听到此言横迁一把抱住了鞠月儿的香肩,将头靠在香肩的同时也用鼻子贪婪地嗅起鞠月儿发间传来的阵阵芬芳。
“月儿……我好想你。”
横迁沧桑的话语传来顿时让鞠月儿浑身一颤,从在昨夜他们在鞠家相见的那一刻开始,两人都在努力的忍耐,只因为时机未到。
他在拼命的努力,而她也在等他。他努力了这么多年,他也等了这么多年。
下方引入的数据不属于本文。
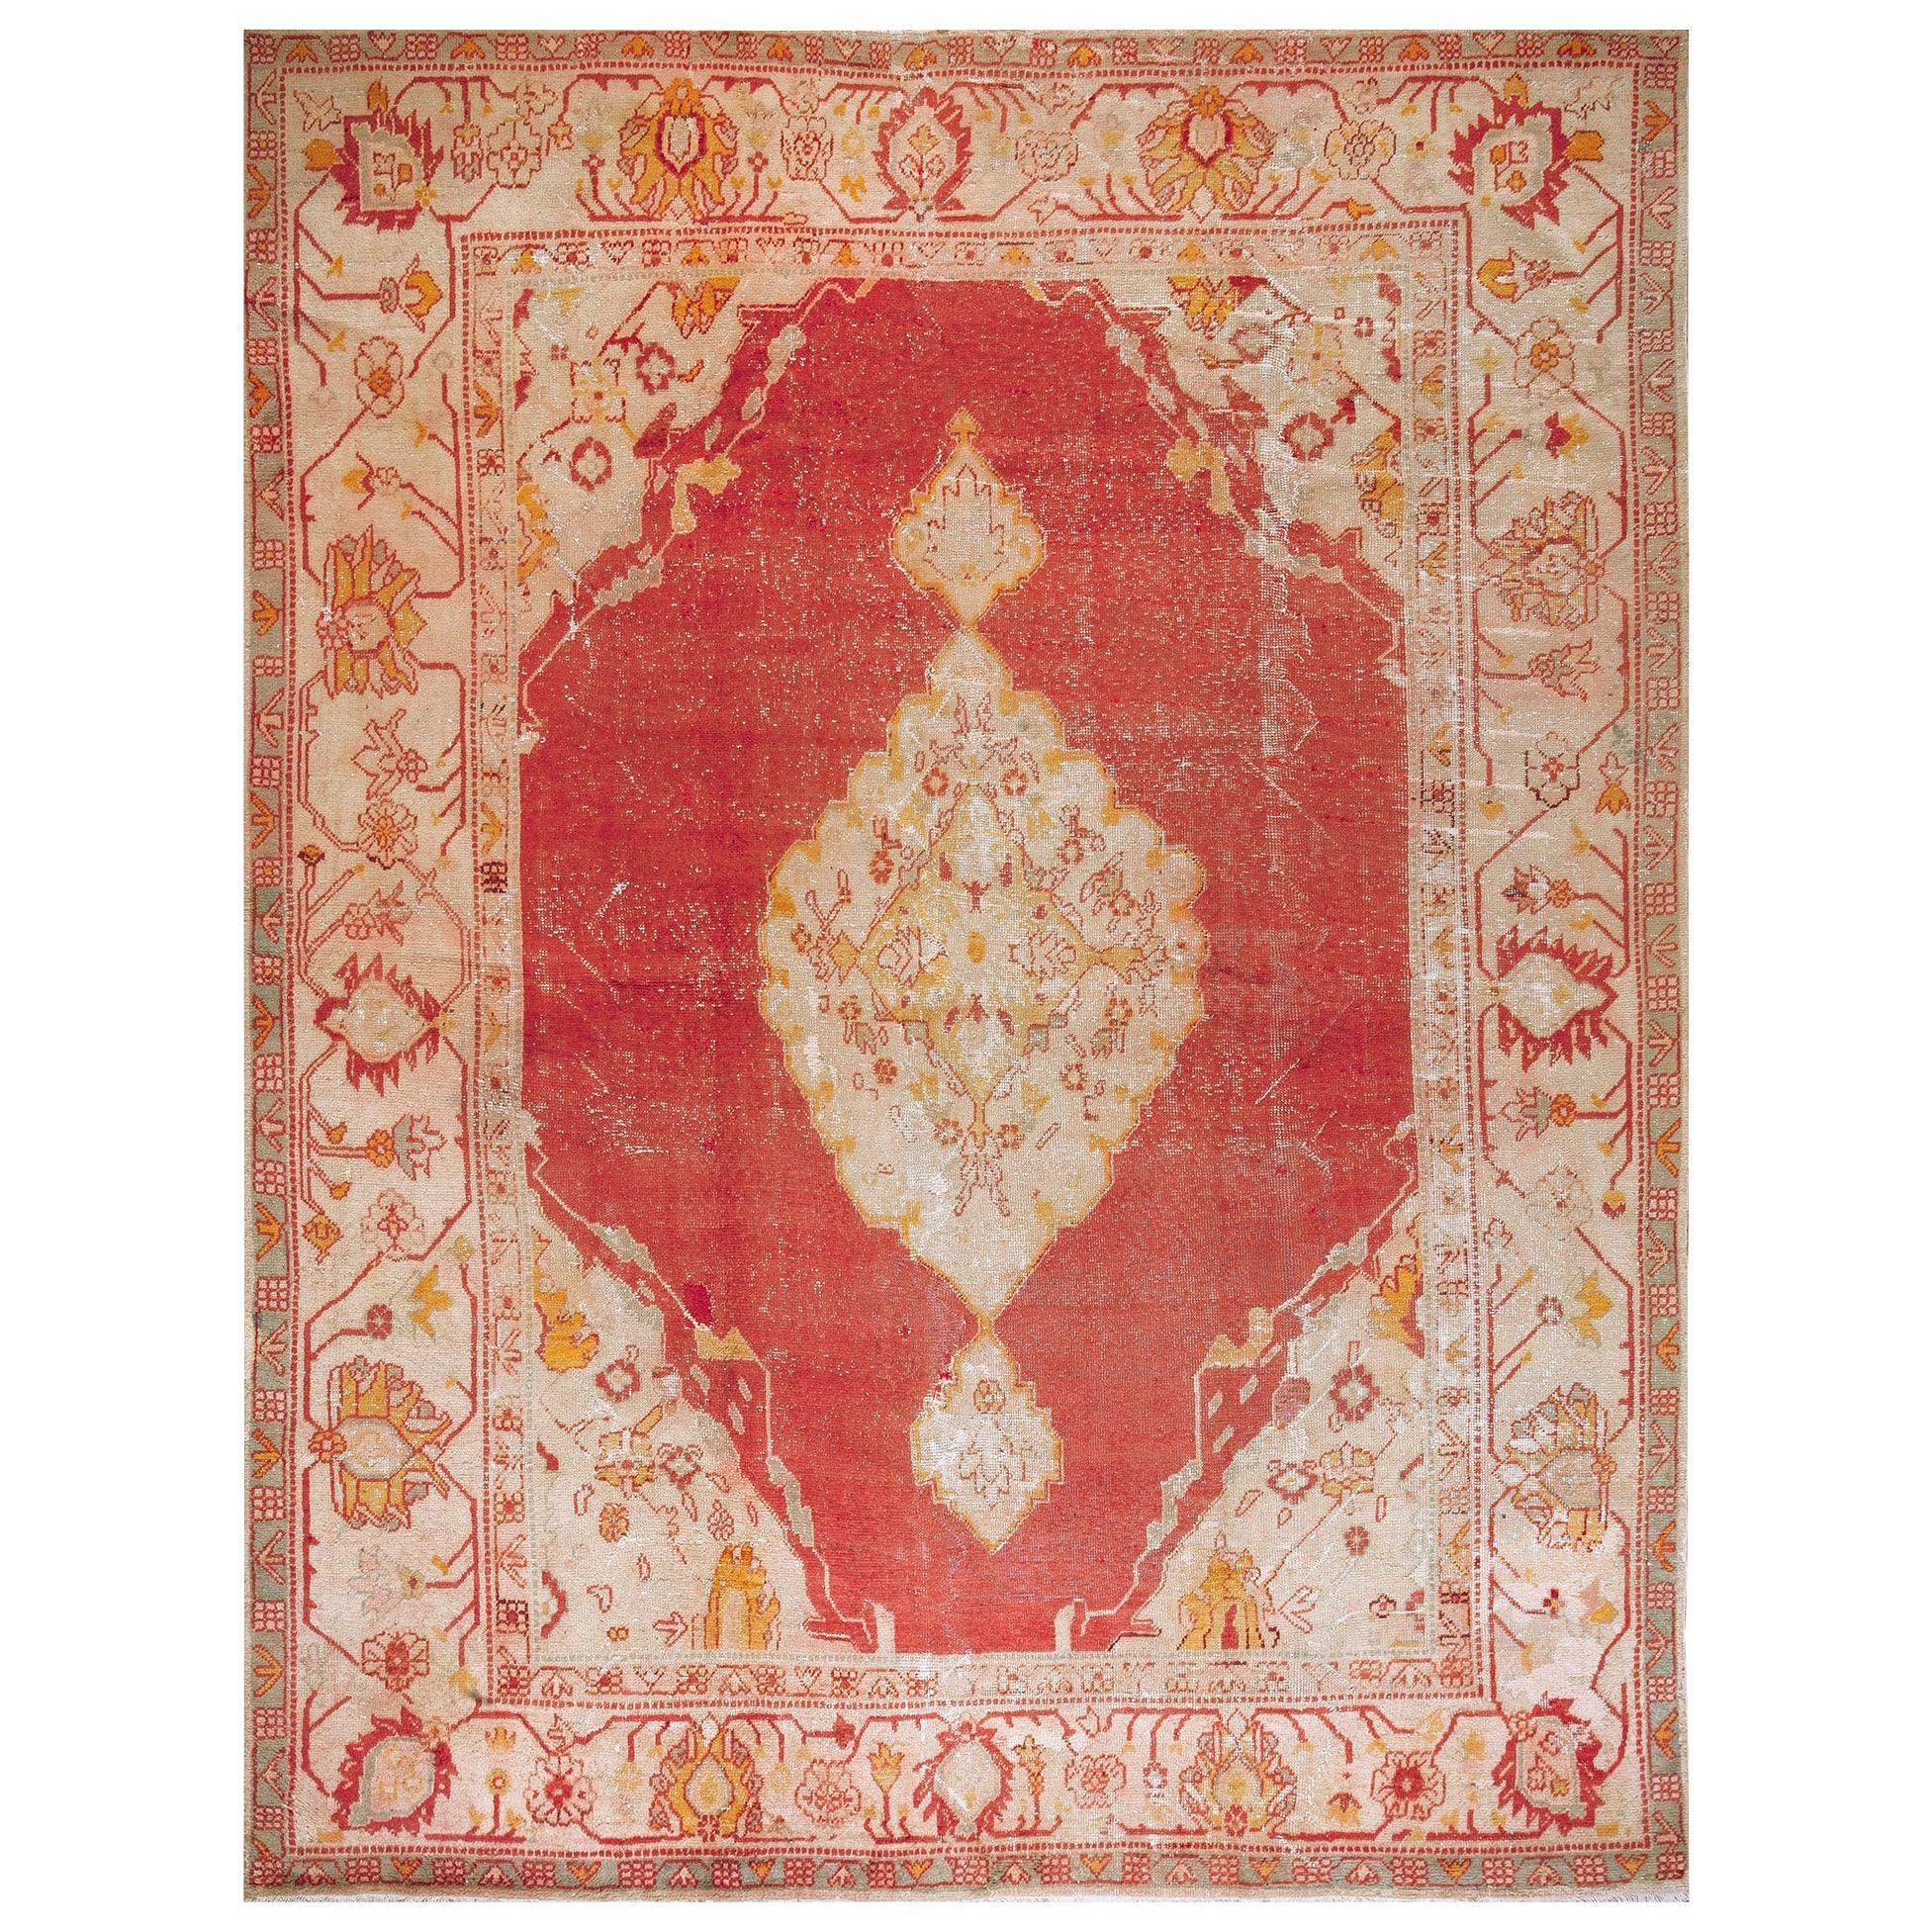 Early 20th Century Turkish Oushak Carpet ( 10' x 13' - 304 x 396 cm )  For Sale

如今总算有了结果……可是在两眼相对的这一刻,那万千复杂情绪闪过眼中的这一刻,鞠月儿忽然感受到了一股从未有过的陌生。
横迁收拾起心头的情绪,再也没有十年相见的激动,只是怔怔地看了鞠月儿良久,忽然猛然转头。
这一转头立即让鞠月儿的眼中充满了不可置信,就连鞠剑雪的眉头也是一皱,他在心中才刚刚将妹妹托付给这个男人,怎么转眼之中他就要走了?
这些年那些动人心魄的爱恨都去了哪里,这些年来所在的无数坚持到底是为了哪般?当日在剑荒之外被他一剑斩瞎一只眼睛的少年又是因为什么才选择回到了鞠家?
重重疑惑落在了鞠剑雪的心头,让他觉得此时根本就看不透横迁,他不明白当初的那名少年到底去了哪里,如今的横迁虽然做了这么多,却依旧陌生得象从未认识过一般。
“你要走?”鞠月儿的眼中充满了一股伤心欲绝,她企盼了整整十年的一场相逢,那幻想之中的场景还未发生,竟然就只在相逢的那一刻就化作了催人肝肠的离别。
这何其讽刺?这让她何其不甘!
“为什么。”鞠月儿冷声道。
横迁的头抬了起来,看向了无尽遥远的南方,忽然重重地叹了口气,道:“我最终夺回了你,却再也不容于这个天下。这个天下是属于你的,却不再属于我。”
“什么天下?天下是天下人的天下,也是你的天下,你属于我我属于你,这不是在十年前的大漠沙眼之中就已经约定好了吗?”
横迁没有出声,但是却没有将头转过去,这便是回答。
沉默的回答。
就在这一刻,横迁的眼前忽然出现了一柄雪白的剑,那柄剑叫做剑雪无名。
“你再说一次试试?”
横迁的眼中没有一丝畏惧,道:“鞠兄。十年前我没有机会叫你一声大哥,十年后也不会再有机会了。我这次来既是相见,又是离别。曾经我以为我能够洗尽这十年来早心中造成的污秽,可是直到今日我已经明白了,做错的事一旦坐下,就再也没有回头的余地。”
当初那个风度翩翩的横迁公子,是再也回不来了。
鞠月儿的眼中充满复杂,伤痛之色愈加明显,颤声道:“大哥……你不要这样。这是我和他的事。”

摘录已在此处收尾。